Steve Jester is the executive director of Partners for Conservation, a non-profit led by private landowners working with agencies, other non-profit organizations, and policymakers to collaborate on conservation projects for present and future generations.

Earlier this month, I attended an annual meeting of conservation districts in Northern Utah. A conservation district is a subdivision of state government led by elected agricultural producers, landowners, and other community members. These groups are responsible for working with USDA’s Natural Resource Conservation Service and local conservation partners to improve the stewardship of natural resources (soil, water, range, wildlife, fisheries, etc. ) in the area they serve.

One of the main speakers at the annual meeting was rancher Russell Davis. Russell is a board member of Partners for Conservation and his inspiring story of addressing conservation challenges on his own ranch resonates strongly with local conservation districts.

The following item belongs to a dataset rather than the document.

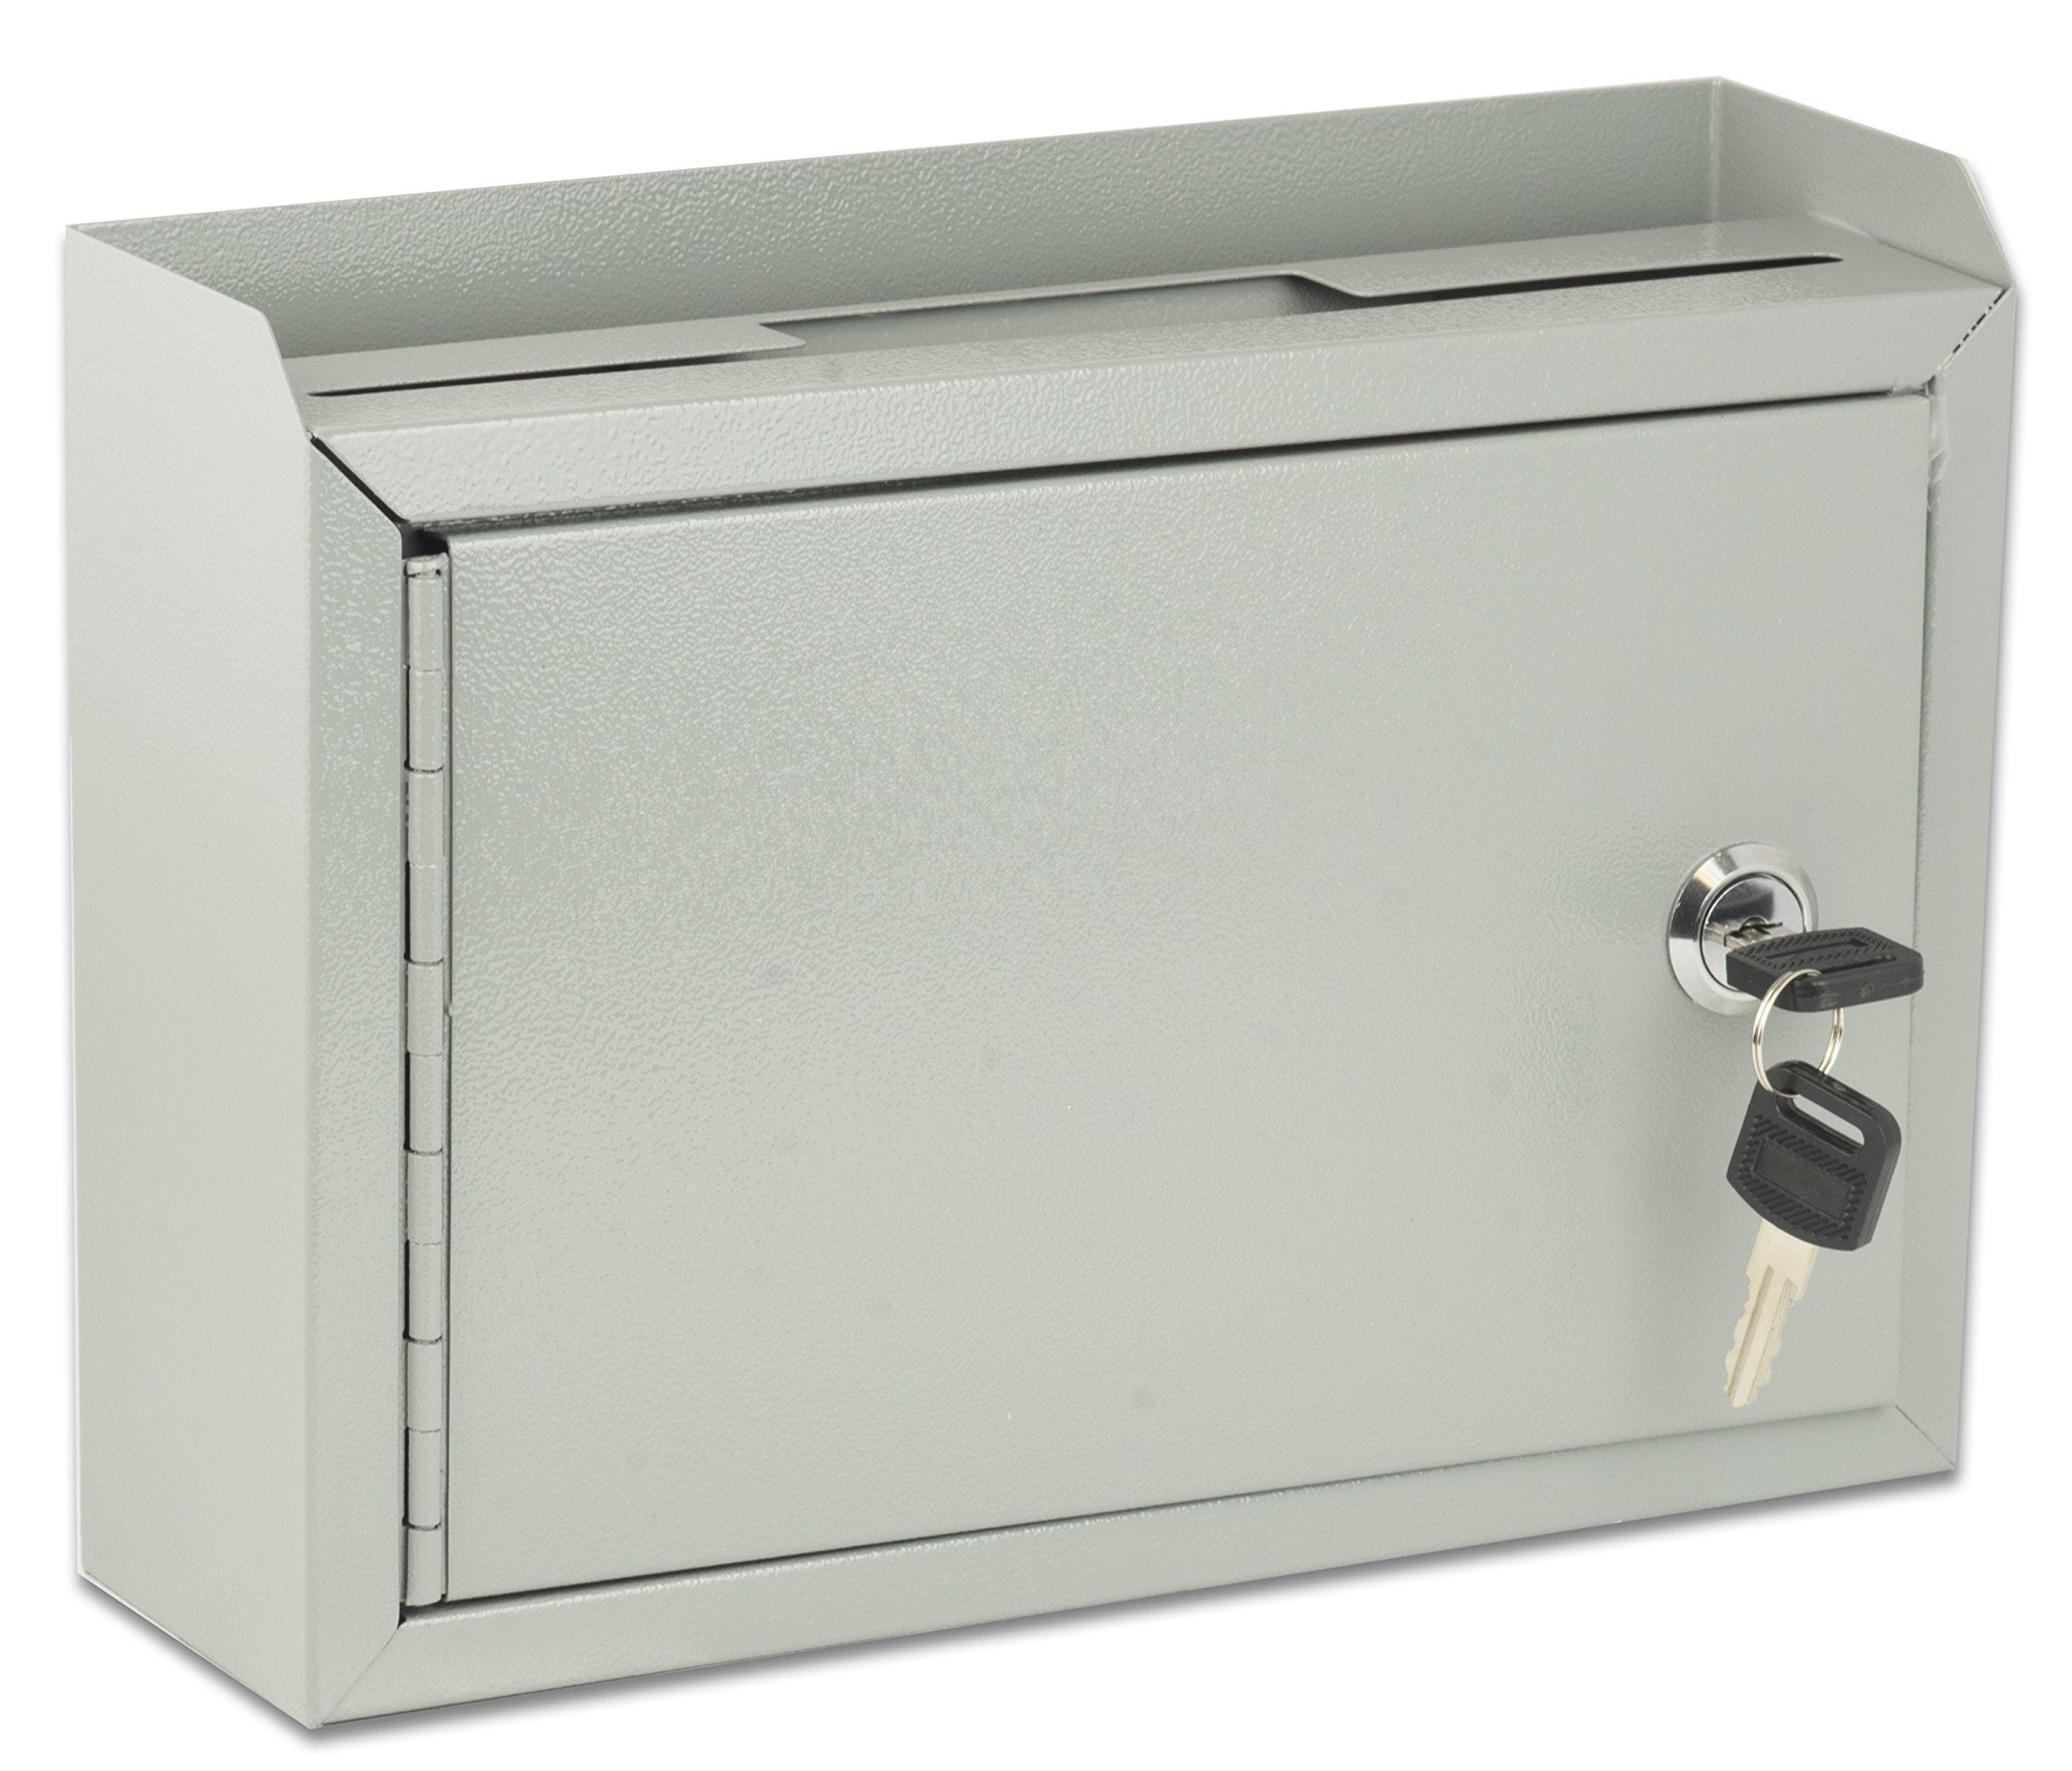 AdirOffice Multi Purpose Wall Mountable Suggestion Box, 9.75'' x 7'' x 3'' by Adir Corp.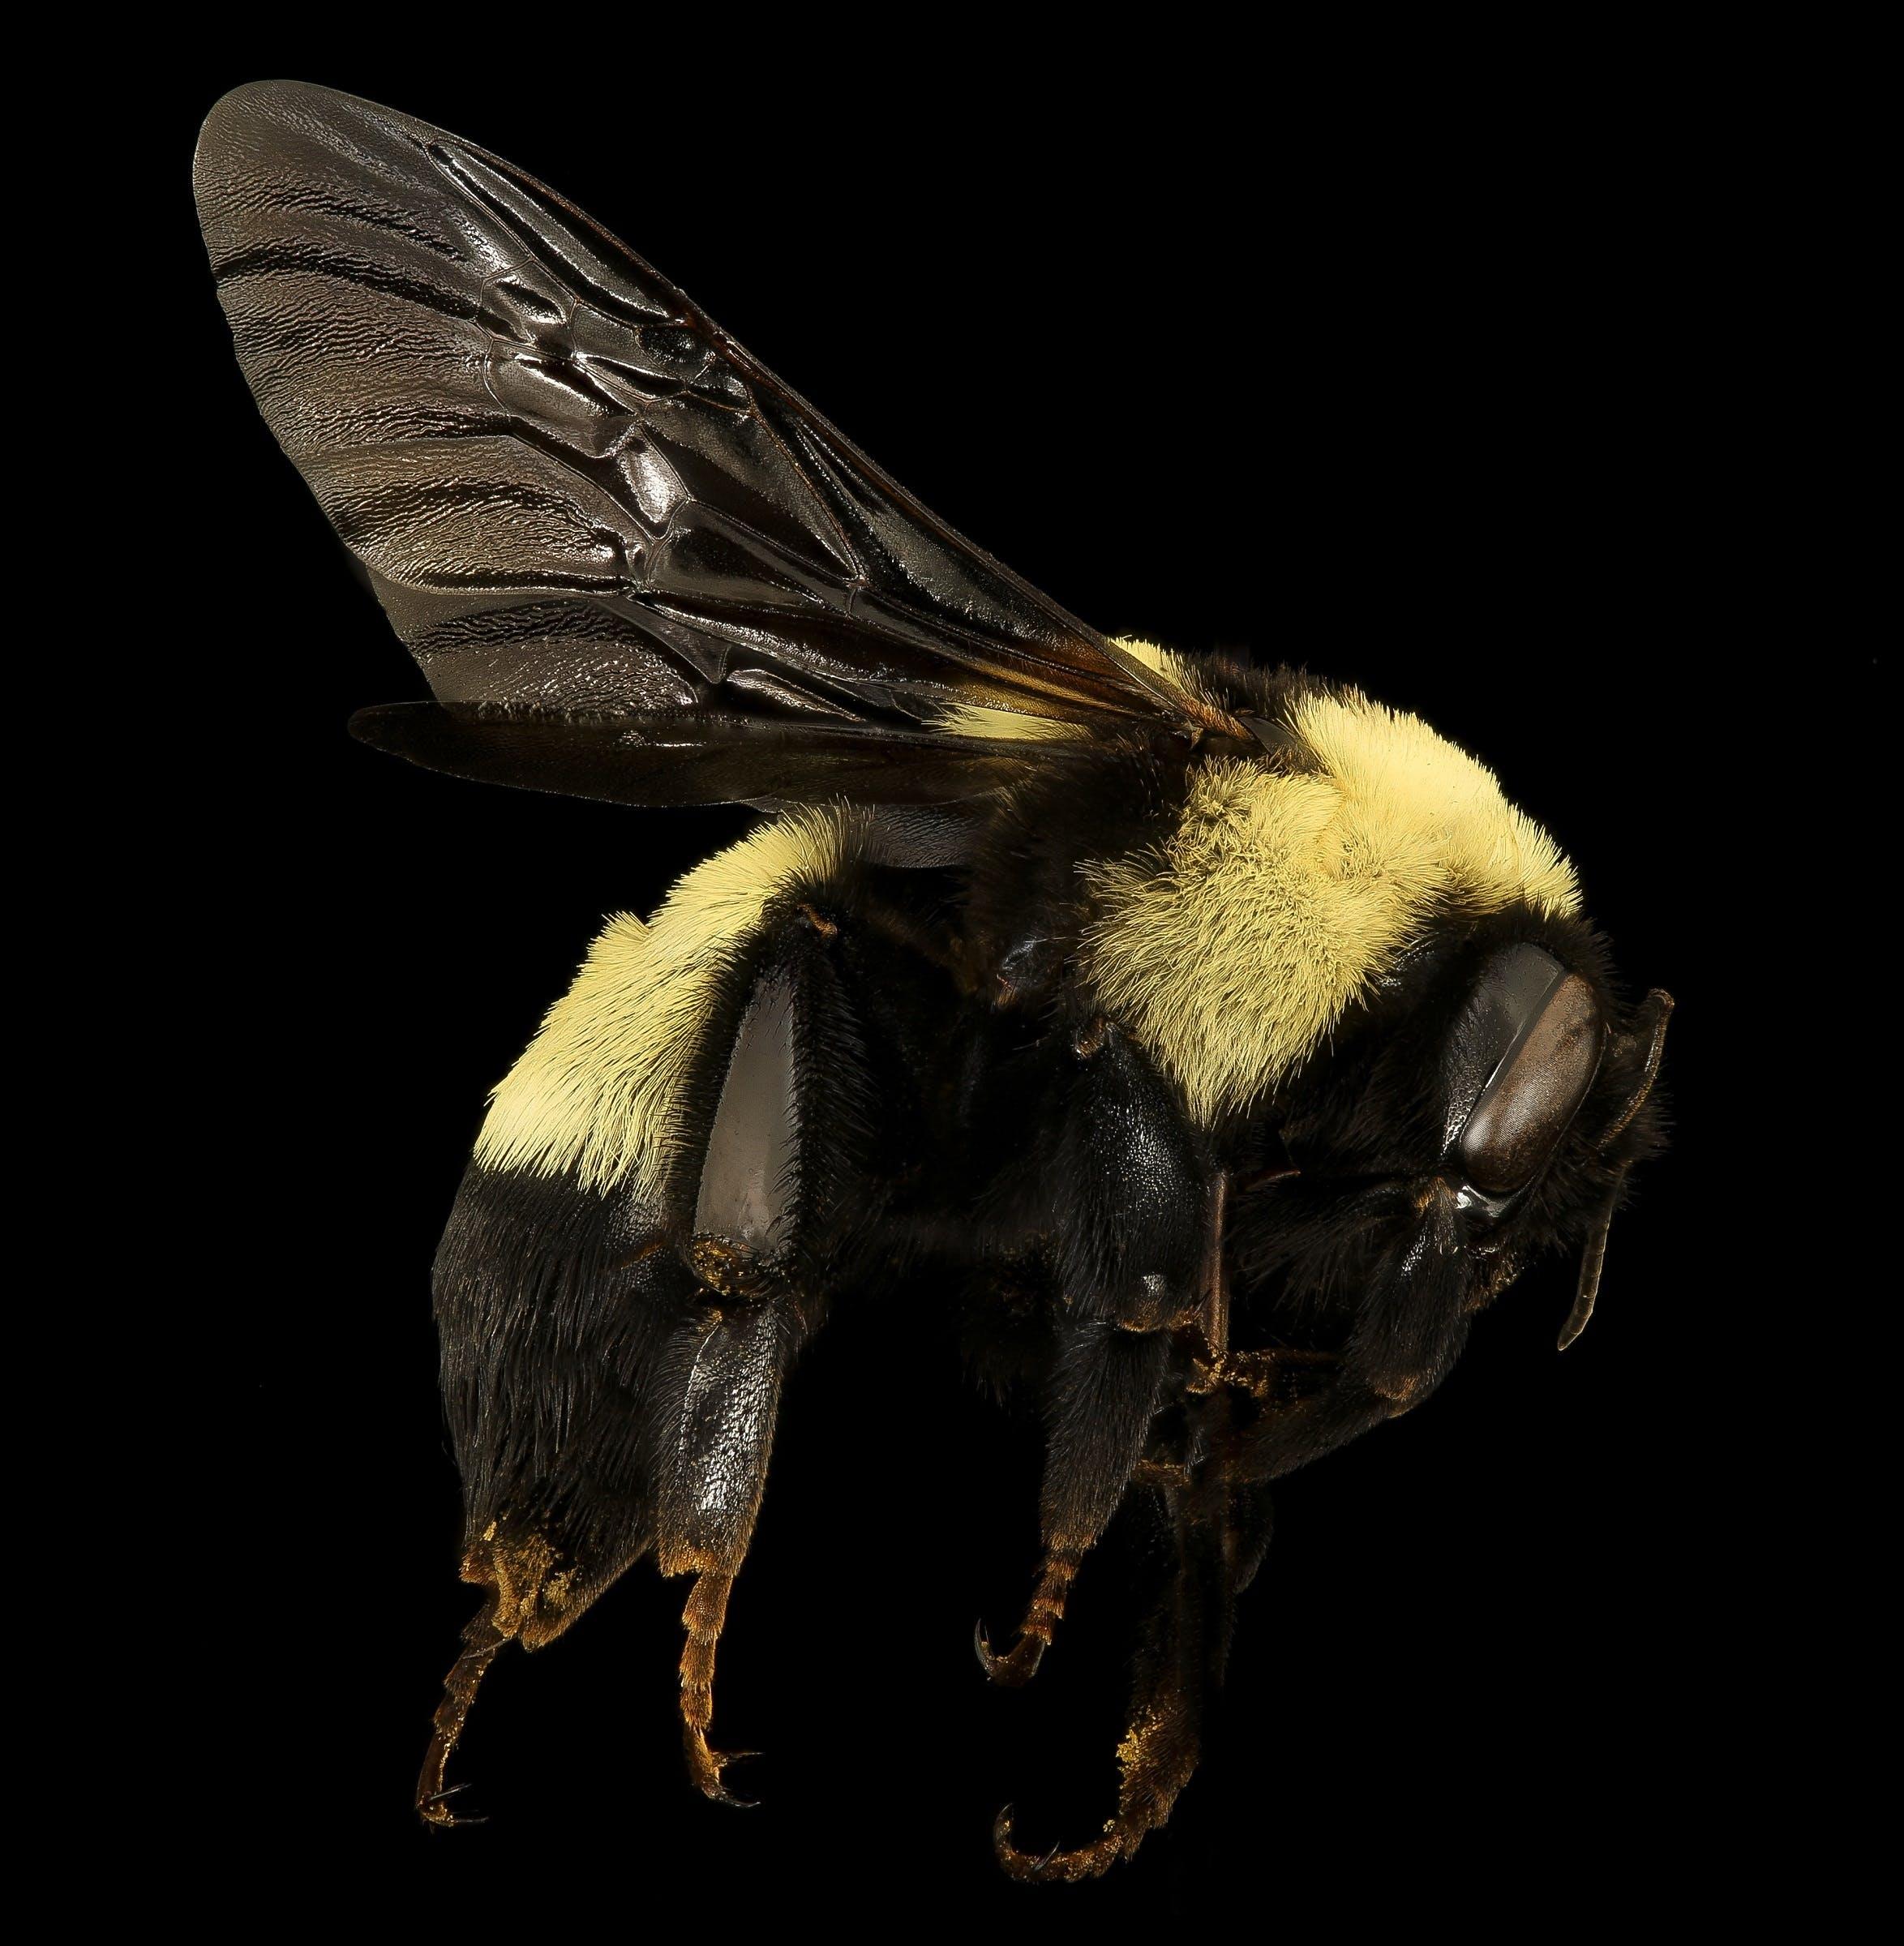 Kostnadsfri bild av bi, humla, insekt, natur

Russell Davis holding a Plover
Russell Davis holding a Plover

Russell grew up on the Wineinger-Davis Ranch on the eastern plains of Colorado. After finishing college, Davis returned to the ranch to run day-to-day operations. Along with 500 black and red angus mother cows, 40 angus bulls, and 400 yearlings, the ranch has a variety of wildlife, thanks to some excellent habitat. Short grass prairie, cottonwood/willow riparian corridor, playas, and sand sagebrush are all found on the ranch, creating homes for mountain plover, swift fox, black tailed prairie dog, burrowing owl, and many more wildlife species.

One day while on the ranch, Davis noticed a researcher observing a mountain plover that was being considered for listing under the Endangered Species Act. After inquiring, and discovering that so many of these birds were breeding on his ranch, Davis got to know the researchers, and adopted a mission to educate himself and his neighbors, and collaborate with a broad coalition of government agencies and nonprofits to protect the mountain plover. Russell’s cooperation resulted in the U.S. Fish and Wildlife Service learning a lot more about the bird and determining that the grazing regime on the ranch was the reason there were so many breeding pairs utilizing the ranch.

The thrust of Davis’ message to the landowners in Utah was to actively engage and collaborate with the U.S. Fish and Wildlife Service, state agencies, and other partners in conservation issues- namely the proposed listing of greater sage grouse. Davis encouraged them to get involved and engaged because that will give them an opportunity to help shape the outcome.  This message of engagement and collaboration is central to both the method and the mission of Partners for Conservation.